When I was young, my mother made sure my birthday and holiday gifts included books about famous and accomplished women. I didn’t realize then how unusual that was. Sadly though, I never had a book about Elizabeth Cady Stanton. These days Elizabeth Cady Stanton has considerably more recognition, although it’s too often, “Oh, that lady and Seneca Falls.” Which brings us to the part we all play in educating young people by passing on the torch of wisdom and appreciation.

This book, featured above, is available on Audible and worth listening to. Type “suffrage” into the Audible search engine, however, and only this work  comes up. It’s an excellent overview of Elizabeth Cady Stanton’s life for young audiences. After spending a little over an hour with the audio version, it’s clear how much we owe to this one woman who changed the world. Someday when political parties are more interested in democratic participation rather than manipulating the outcome of elections, our suffrage ancestors will be given their due.

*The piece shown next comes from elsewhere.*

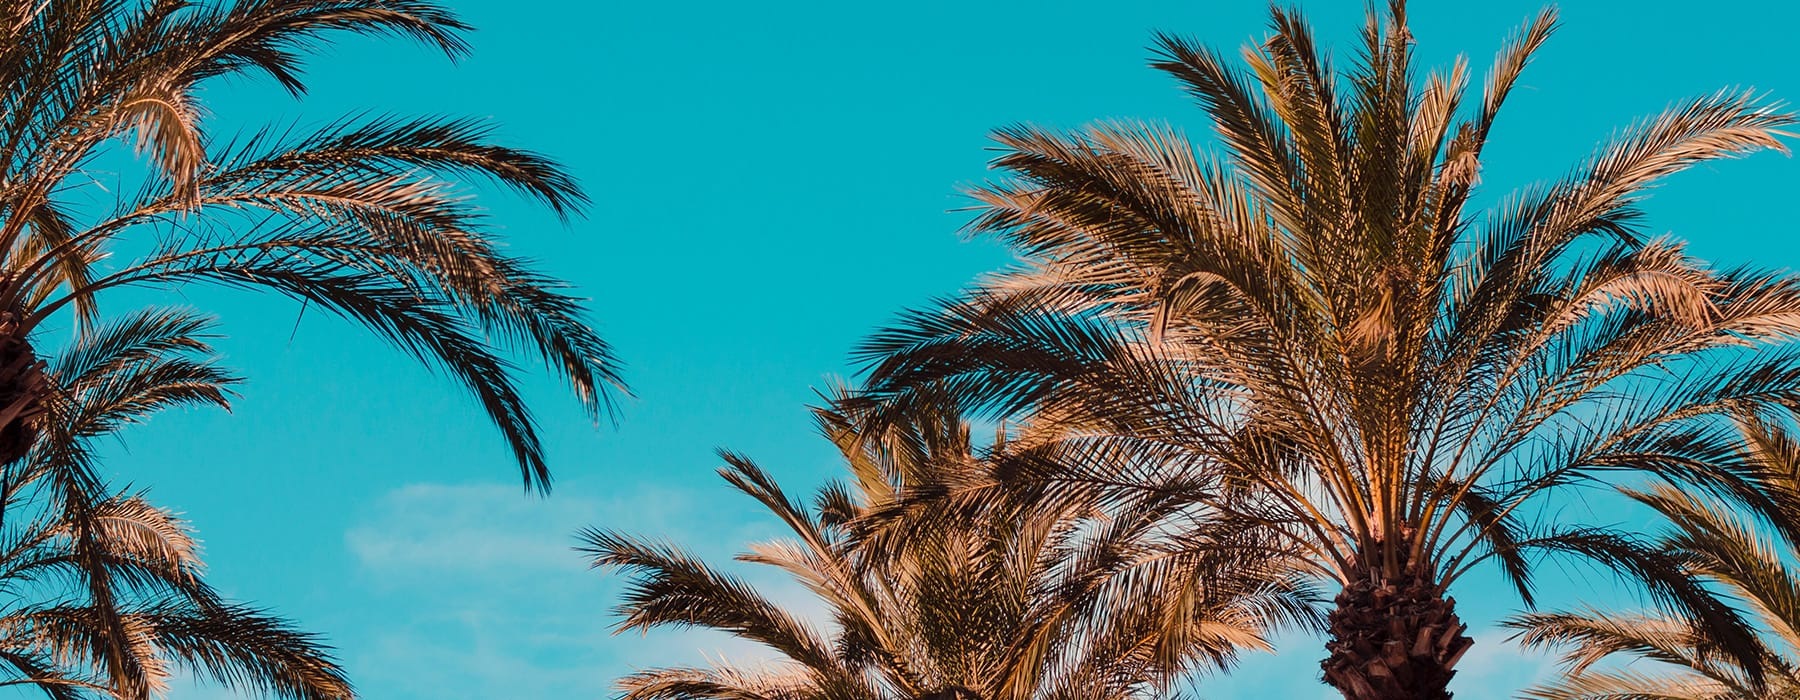 lifestyle image of palm trees

Combined with Stanton’s memoir (free as an ebook online), Elizabeth Cady Stanton: Women’s Suffrage and the First Vote, gifts us with the essentials of a life devoted to equal rights. The work provides details Elizabeth doesn’t tell you herself, including the resistance from her father and husband about her political activities. I love the part describing Elizabeth using her white hair and matronly figure so as to be less threatening to audiences when she laid out her radical views.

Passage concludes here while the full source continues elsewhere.